§ **THE TASK**
Please return the data word for word and leave out any picture it contains.

** DATA SHOWN follows **

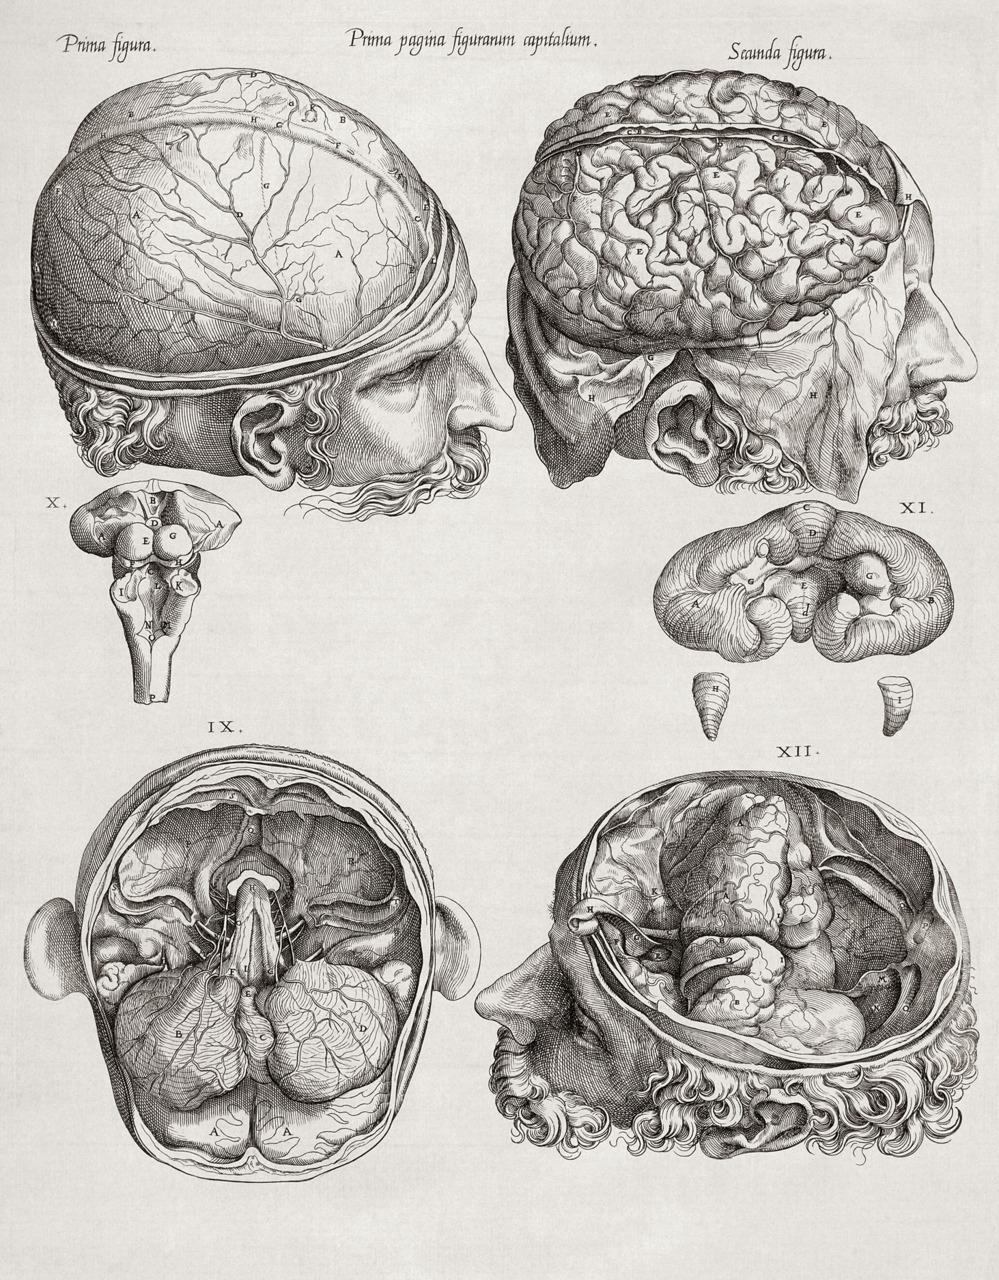 Drawn brains sketched Anatomy tumblr_ld3dwux7lu1qf9ueyo1_1280 illustrations jpg
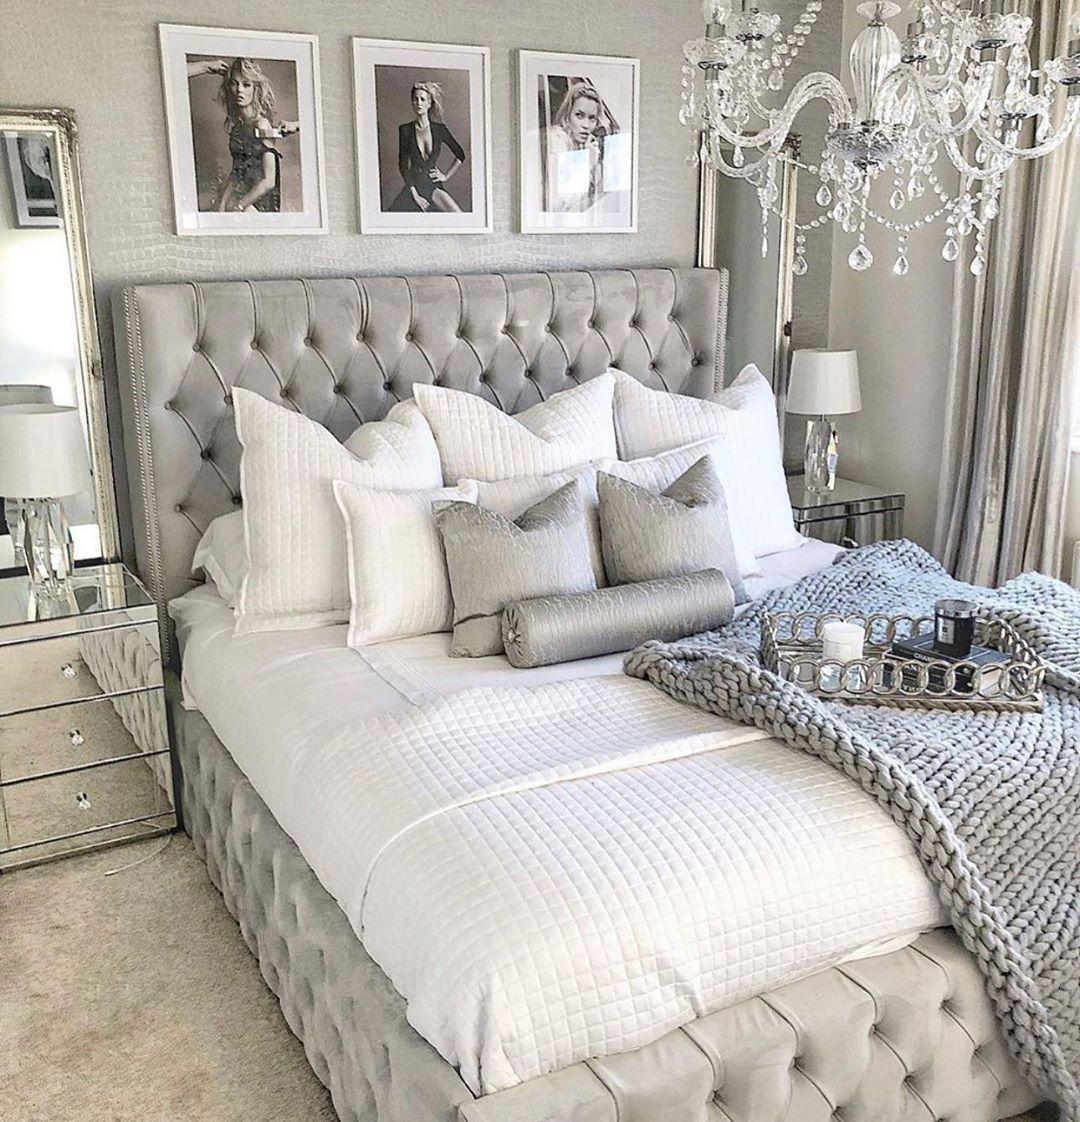 Incredible 25 Beegcom Best School Of Interior Design London Luxurious Bedrooms Bedroom Decor Home
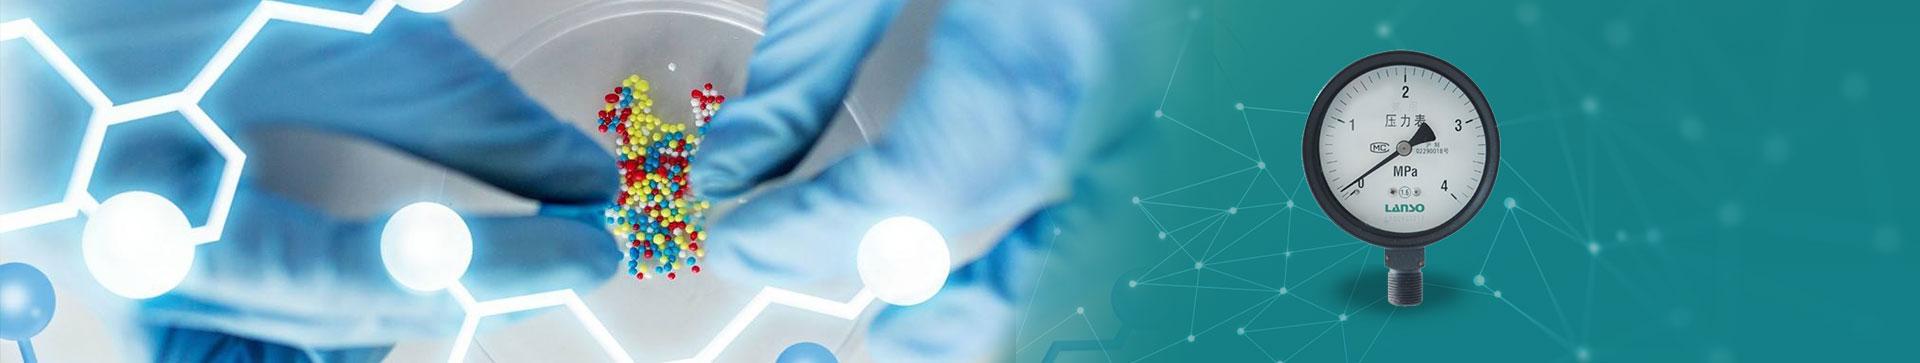 Biotech & Pharmaceuticals

** End of DATA SHOWN **

§ **EXERCISE RESULT**
 Drawn brains sketched Anatomy tumblr_ld3dwux7lu1qf9ueyo1_1280 illustrations jpg
 Incredible 25 Beegcom Best School Of Interior Design London Luxurious Bedrooms Bedroom Decor Home
 Biotech & Pharmaceuticals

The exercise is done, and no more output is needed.